Originally posted on my previous blog – this post has been edited for spelling mistakes/clarity

I’ve left some clues for you. 
If you want them, turn the page.
If you don’t, put the book back on the shelf, please.’

Whilst browsing his favourite book store, Dash comes across a red Moleskine notebook, and so begins the book of dares as Dash gets to know the girl behind the notebook. Lily places her red Moleskine notebook, waiting for the right guy to come along and find it and accept her dares. But is Dash the right guy? Will they just continually keep passing clues to places in New York City? And what will happen when they finally meet?
I love this book so much.

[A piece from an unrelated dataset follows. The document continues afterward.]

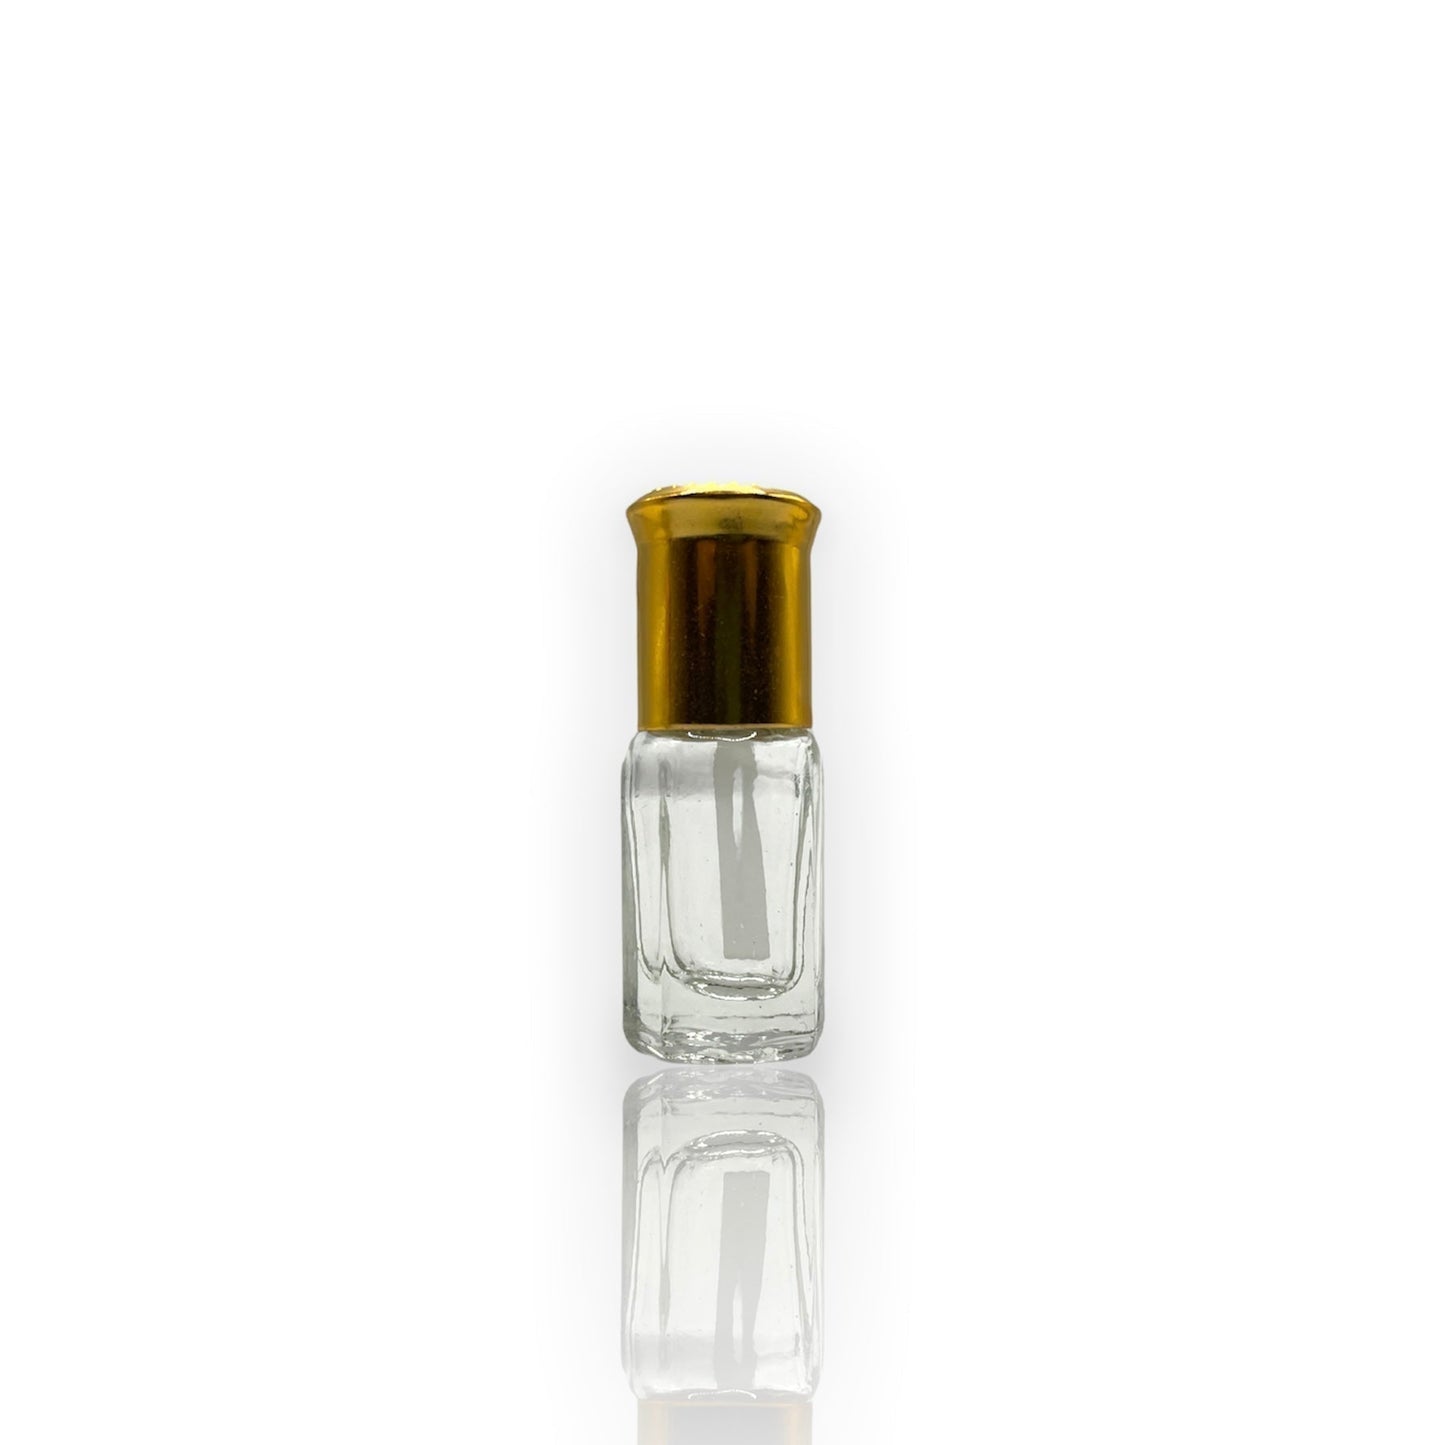 O-09 Oil Perfume *Inspired by Lail Maleki

It is a book that repeatedly reminds me of how different it is to many other books. Firstly, there are few books out there that contain dares that bring you, as a reader, to different parts of a major city, such as New York. Secondly, I hardly ever read books where at the end I’m like ‘I wish these people were real’. I wish I lived in New York and found a red Moleskine in The Strand Bookstore. I wish I knew Dash and Lily because they’re SUCH great characters.

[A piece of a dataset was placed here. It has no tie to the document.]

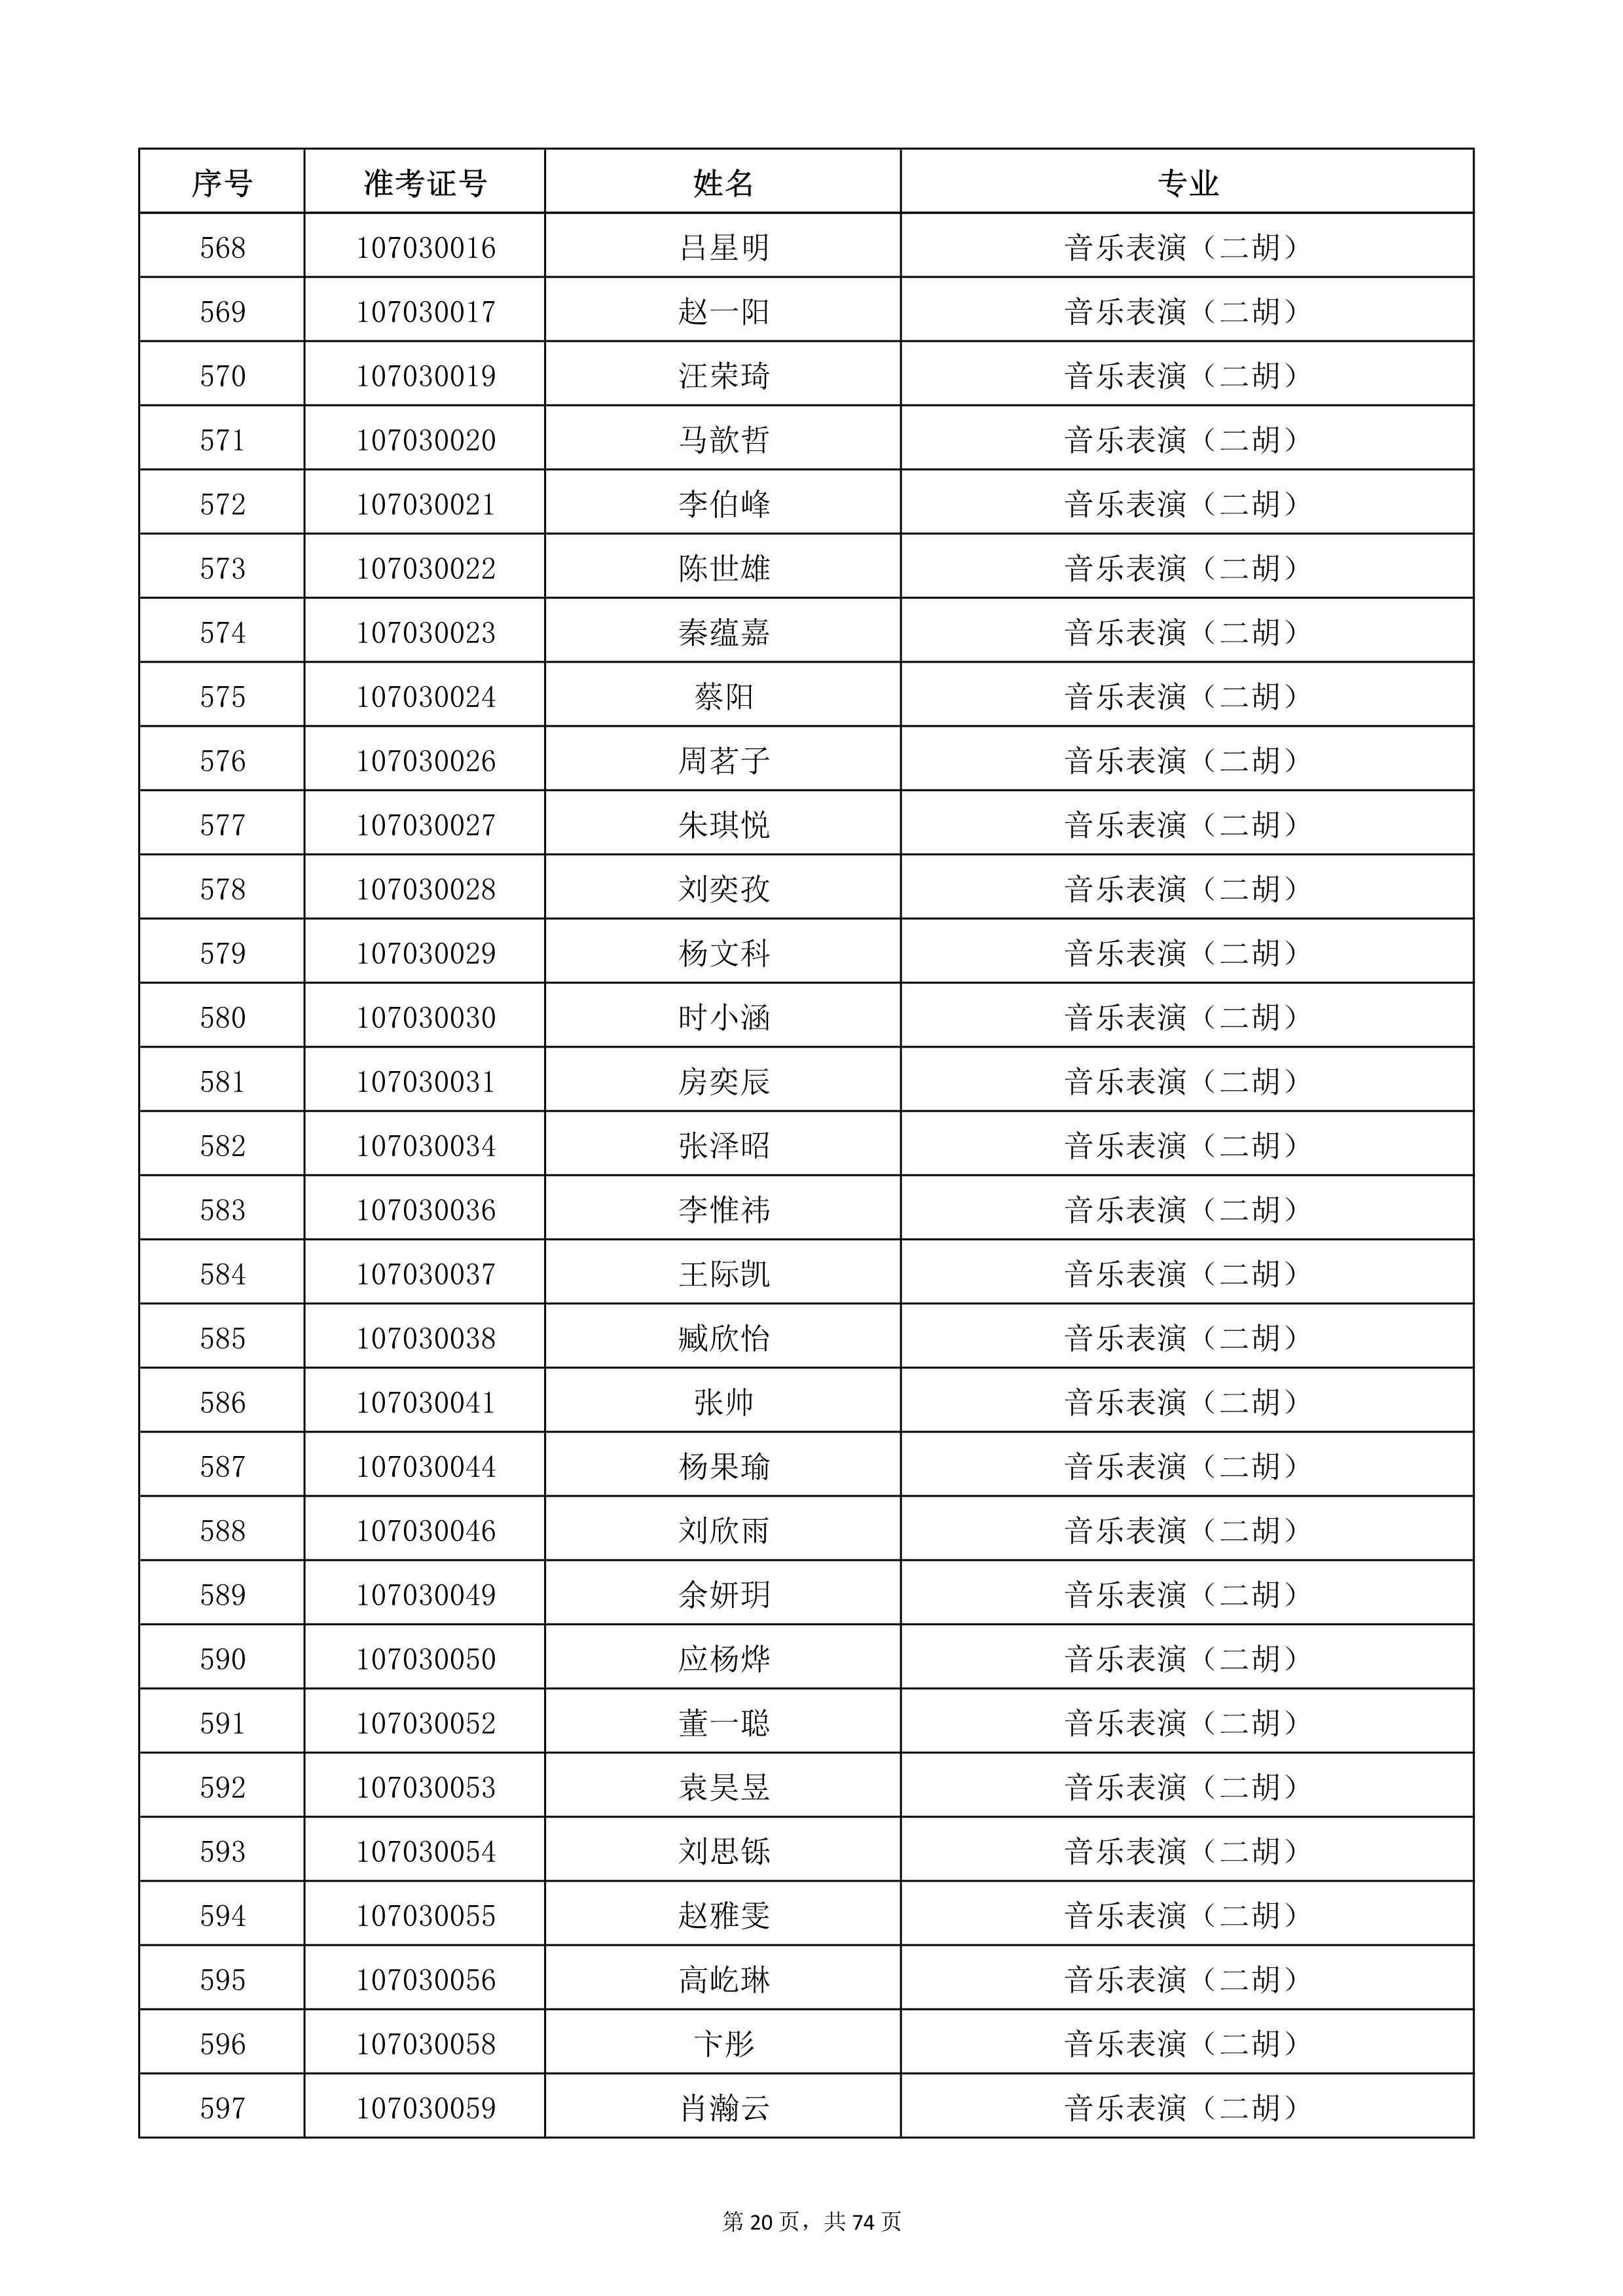 天津音乐学院2022年本科招生考试复试名单_20.jpg

As you can tell, I loved the characters of Lily and Dash – both I found interesting to read about, although for some unknown reason I preferred David Levithan’s (Dash) chapters more (on my reread of this recently however, I actually found Lily more interesting…). The other minor characters didn’t just fade into the background after a while either. They were all very unique and all had an original spark.. My personal favourite was Boomer, as I’m sure many people would say. I just COULD NOT STOP LAUGHING. He was absolutely hilarious. Another favourite was Boris the dog. After speaking to a work colleague about this book, we both were laughing to ourselves recalling a particular scene with Boris.
One of my only problems with this was the language, especially for David Levithan’s (Dash) chapters. Dash has a lot of knowledge and loves words and books. There were times when the richness of Dash’s section of narration stopped some of my enjoyment as the tone and use of words made this book harder to read. To put it finely, I had no idea what he was talking about half the time. Apart from this, however, the language was incredibly vivid, putting you in New York at Christmas in the middle of its chaos in Macy’s or the tranquil of The Strand.
While with many romance stories, there are times when you want them to just get together, I liked that this book wasn’t entirely about their romance, the book wouldn’t haven been as good I feel. The book not only had a light hearted feel, but, at times, takes on more serious subjects, such as viewpoints on love or previous relationships. I felt Rachel Cohn and David Levithan got their representations of teenagers spot on, making their narration incredibly relatable.
Overall, this book is wonderful. You get taken into the narrative straight away and keep this engagement with Lily and Dash. This book is incredibly original and absolutely hilarious to read. I would recommend this to anyone for the great writing, plot and characters. This is a book that will make you smile.